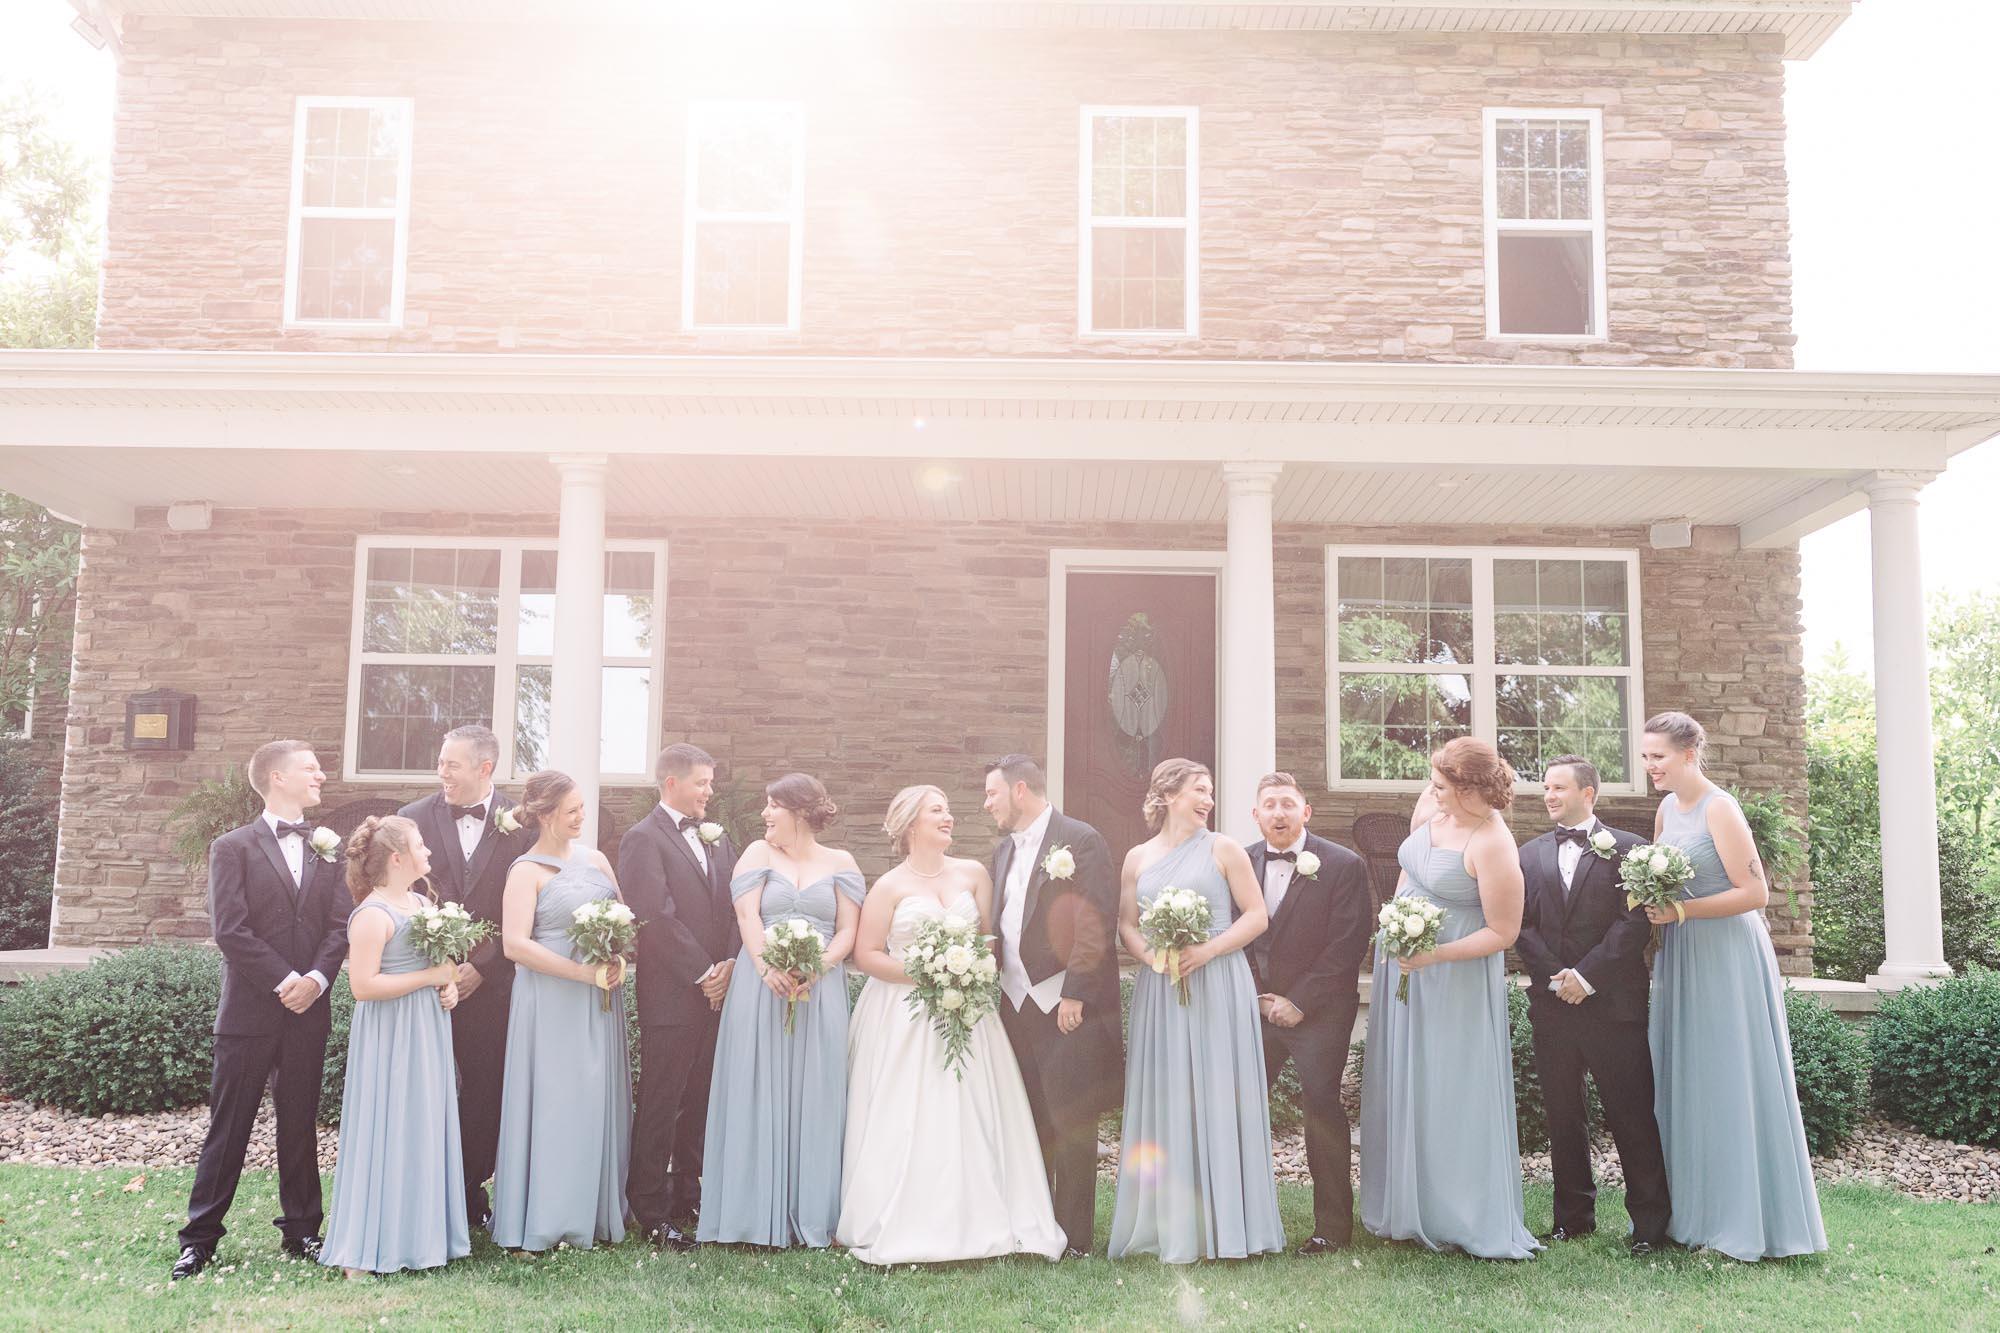 isle-of-que-wedding-6806.jpg
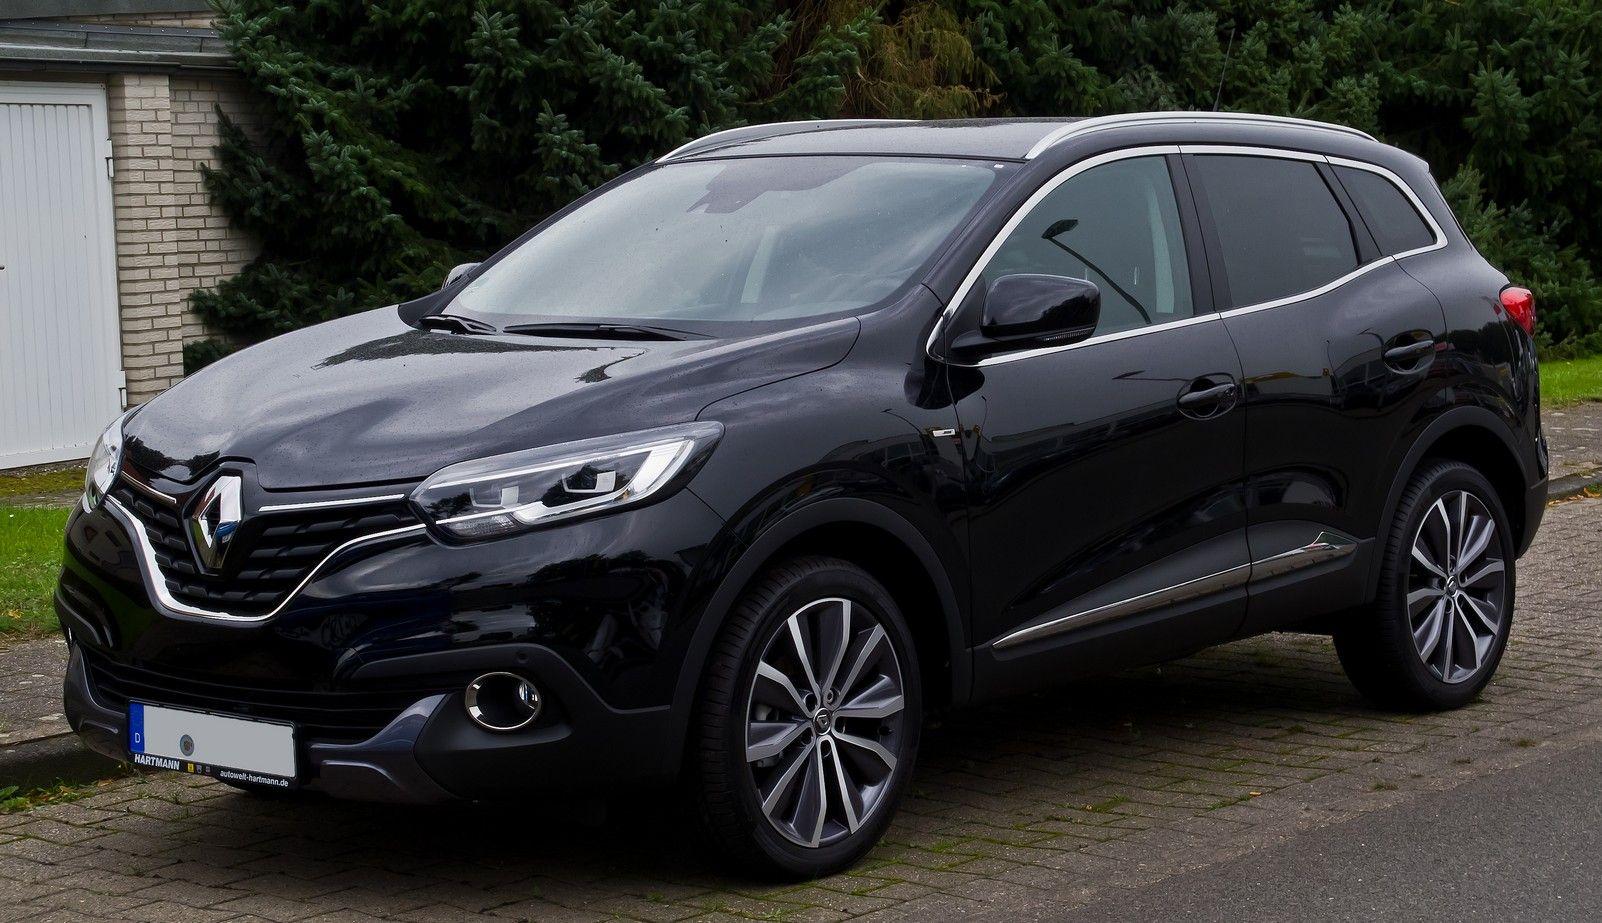 2019 Renault Kadjar New Suv
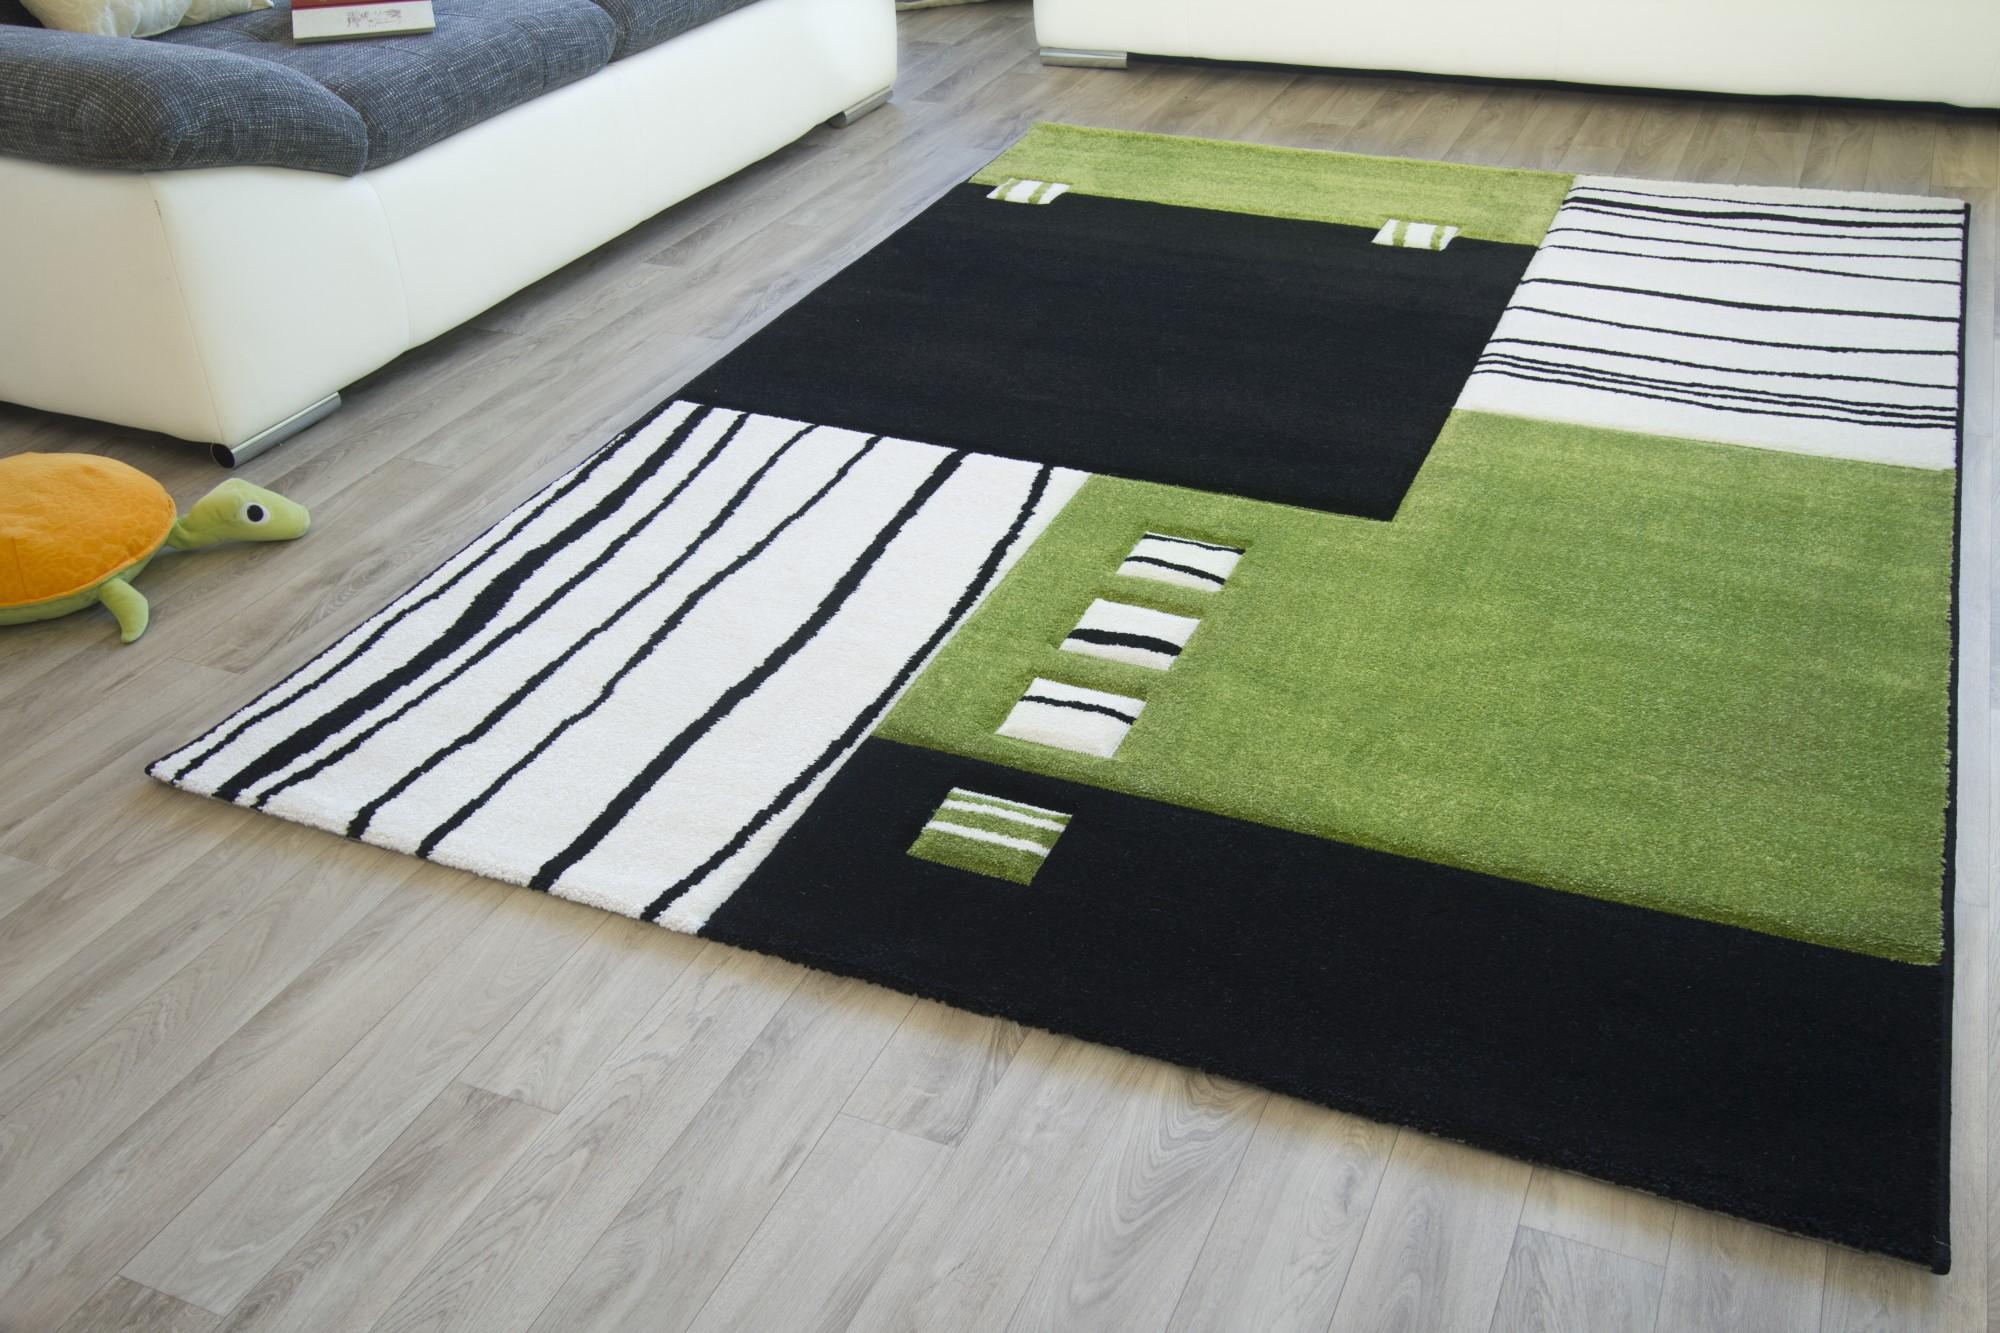 Designer teppich modern ancona felder muster rot orange grau grün

※ ※ ※

*What the exercise asks:* Your copy should match the material above exactly, minus its pictures.

*Task answer:*
 isle-of-que-wedding-6806.jpg
 2019 Renault Kadjar New Suv
 Designer teppich modern ancona felder muster rot orange grau grün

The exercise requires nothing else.